For some problems that are at least partly discrete, the basic APS applies a quantisation operator. If the quantum is $q_{d}$ for
the dimension $d$, the operator is defined by
$$
x_{i,d}\leftarrow q_{d}\left\lfloor \left(0.5+x_{i,d}/q_{d}\right)\right.\tag{1}
$$
where $\left\lfloor \right.$ is the floor operator.
Now, for combinatorial problems, it is certainly better to define specific operators for Expansion, Contraction, and Local search, similarly to what has been done, for example, for PSO. It means that we have to define a distance. Let us consider the canonical case in which the search space is the set of permutations of $D$ different elements. As we know, to transform a given permutation $X$ into another one $Y$, there exists a minimum number of transpositions. So we define the quasi-distance between $X$ and $Y$ as this minimum number.
The specific Local search operator is the easiest one to define: we have just to apply a "small" number of transpositions.
Expansion and Contraction are a bit more difficult.
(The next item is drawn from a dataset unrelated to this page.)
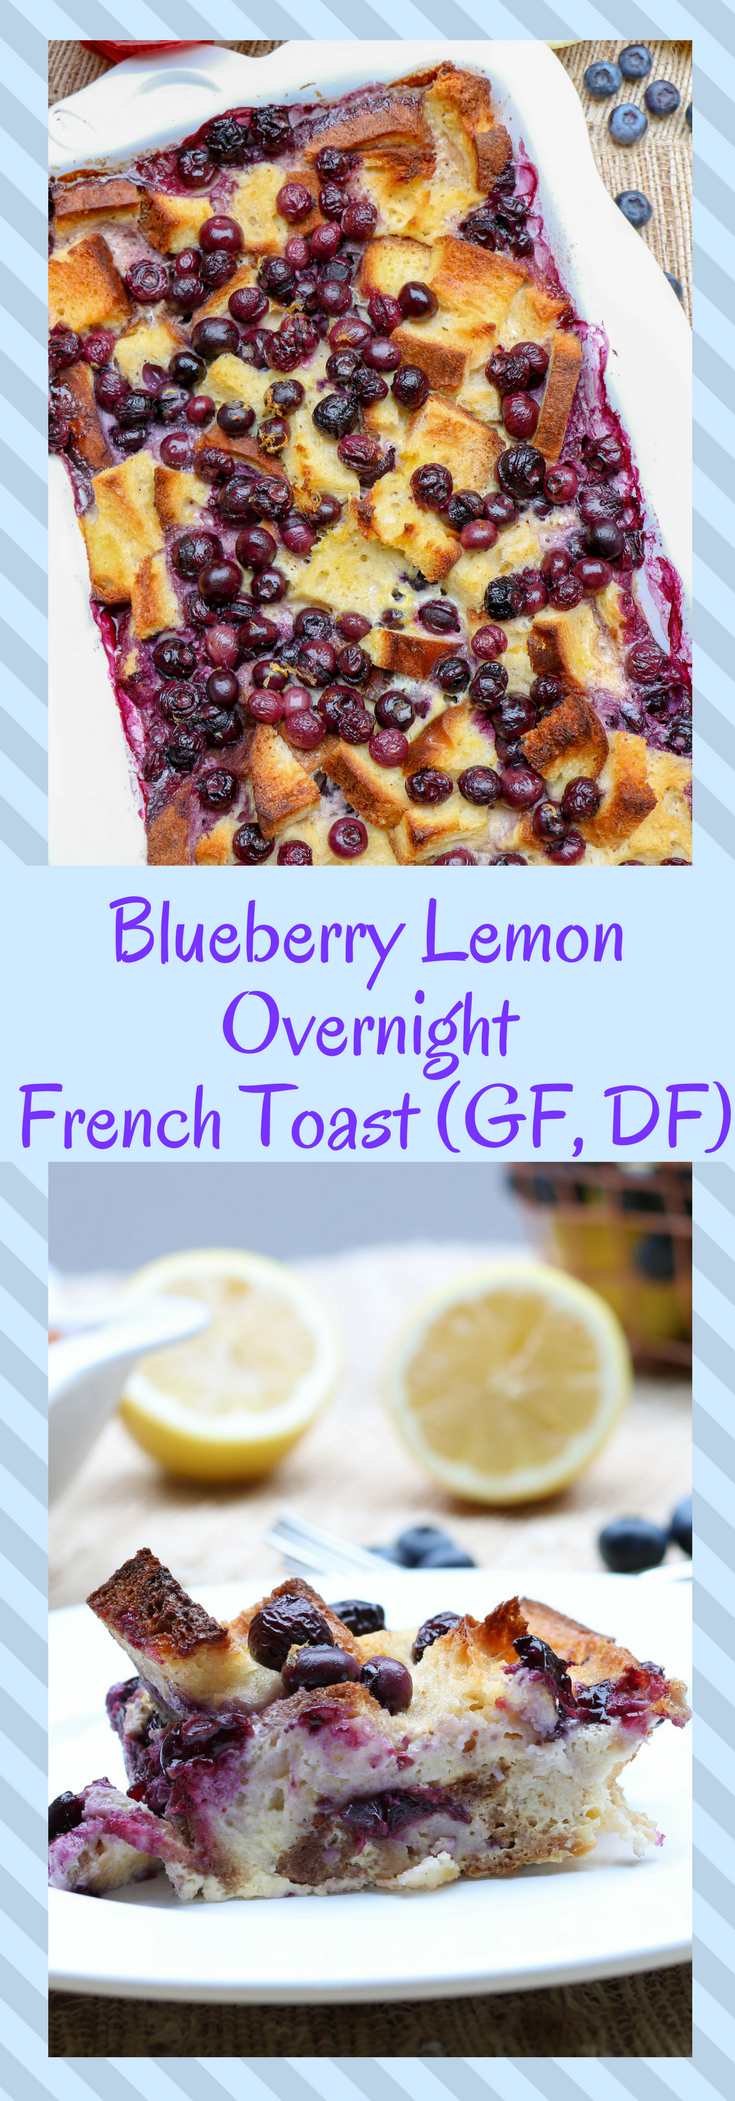 Gluten-Free & Dairy-Free Blueberry Lemon overnight french toast casserole. Takes 10 minutes to assemble, crowd pleaser. #ad #food #glutenfree #dairyfree #breakfast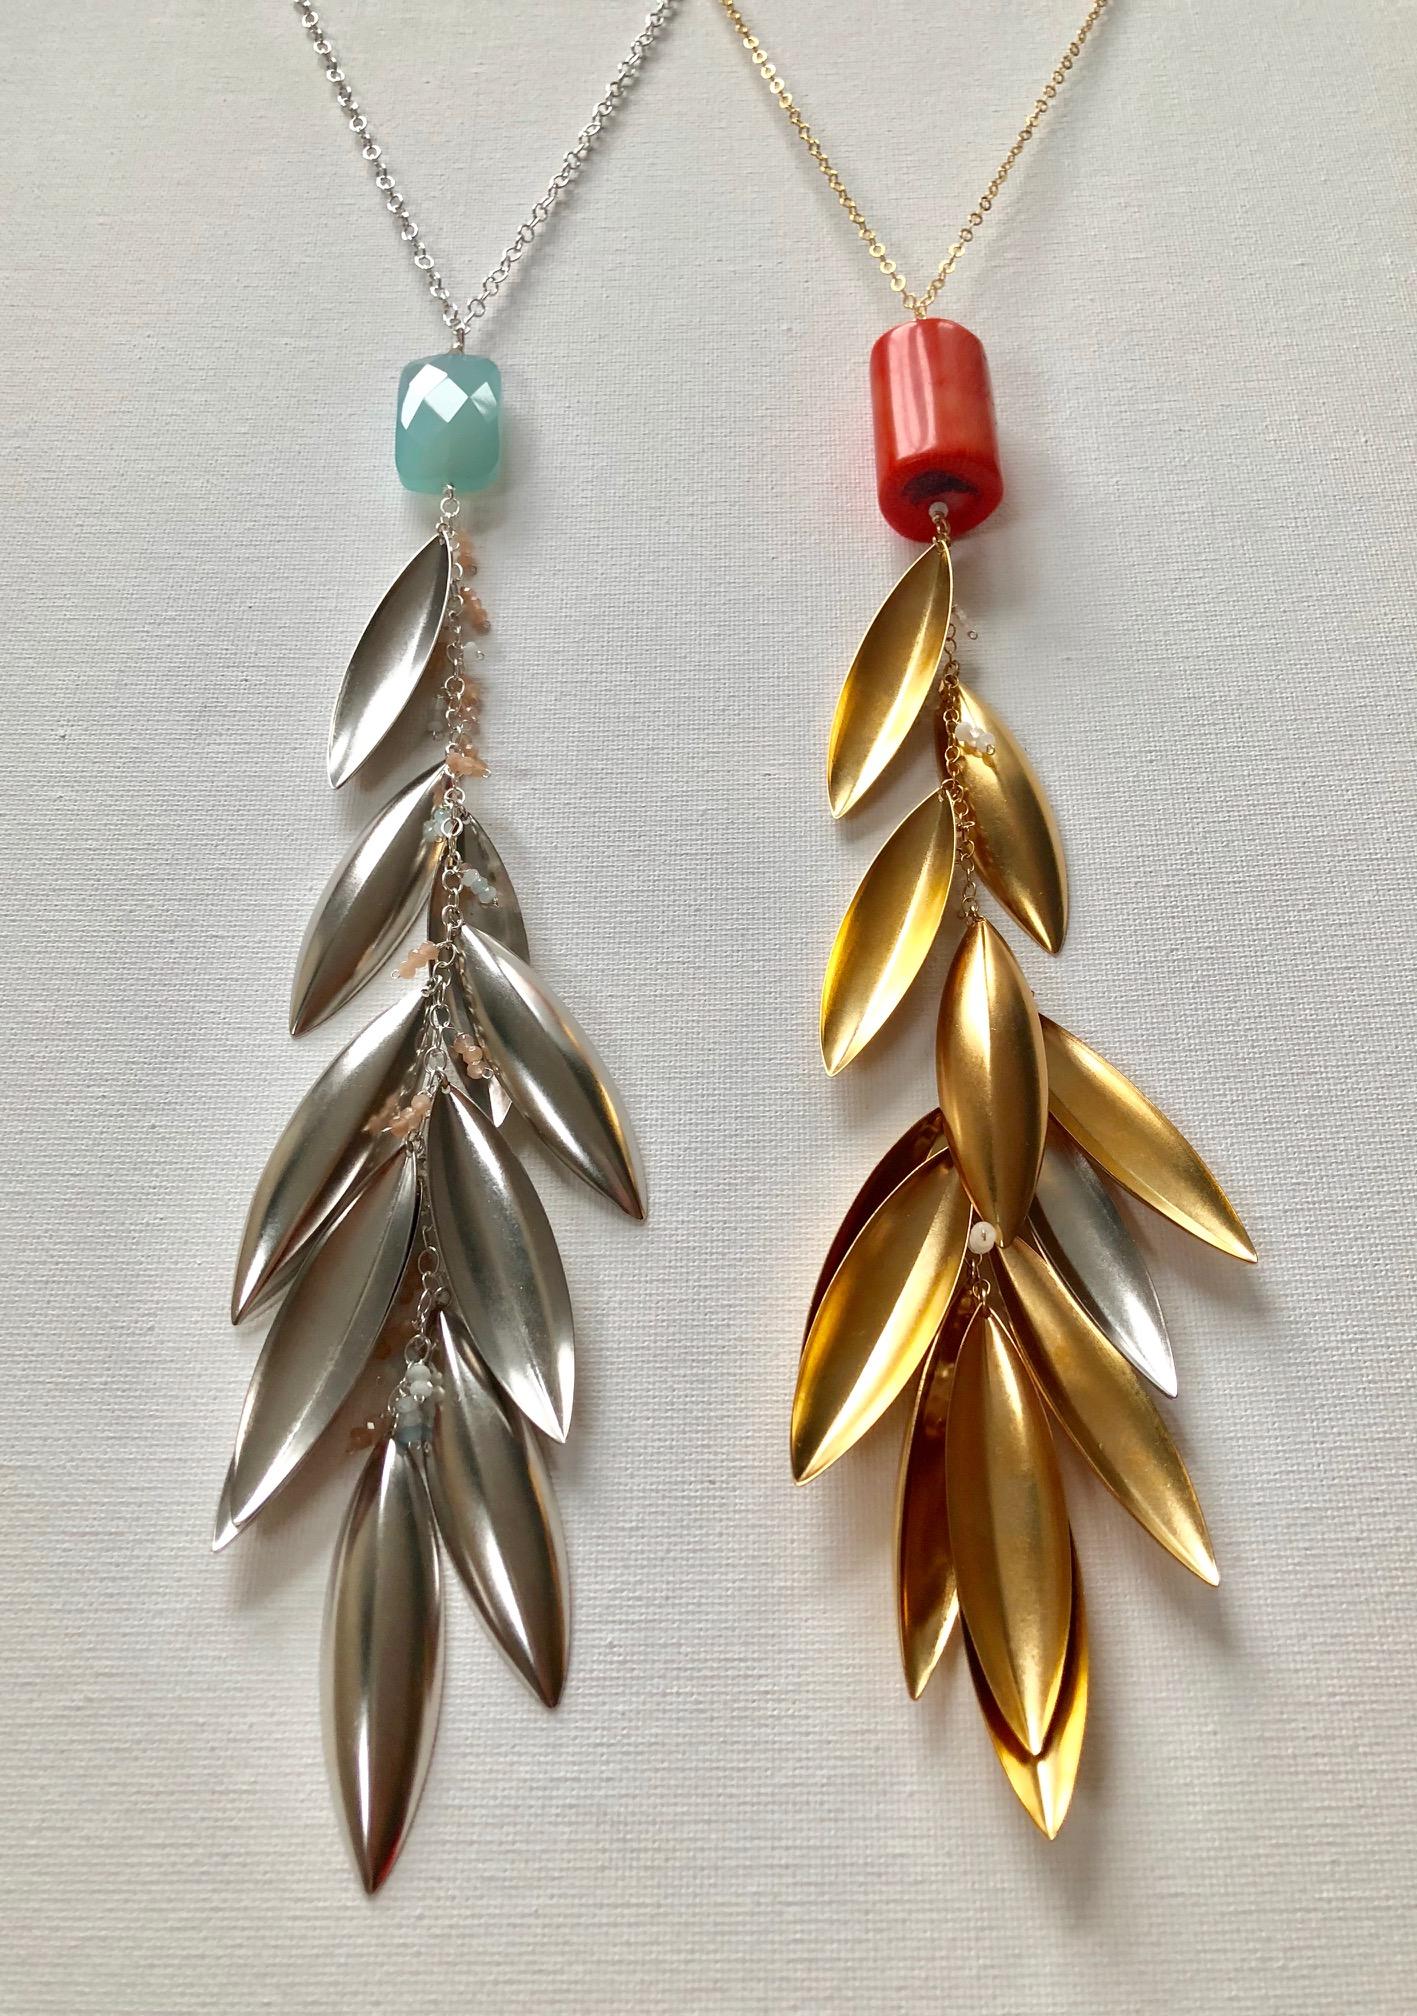 Shop Online falk jewelry designs

For Expansion, starting from three "positions" (i.e. permutations), $X_best$, $X_worst$, and $X_worst2$ (the second worst), we have to combine them in order to define $Y$ so that $$ distance(Y,X_best) > distance(Y,X_worst) distance(Y,X_best) > distance(Y,X_worst2) $$
For Contraction, the three distances $distance(Y,X_best)$, $distance(Y,X_worst)$, and $distance(Y,X_worst2)$, should be as similar as possible.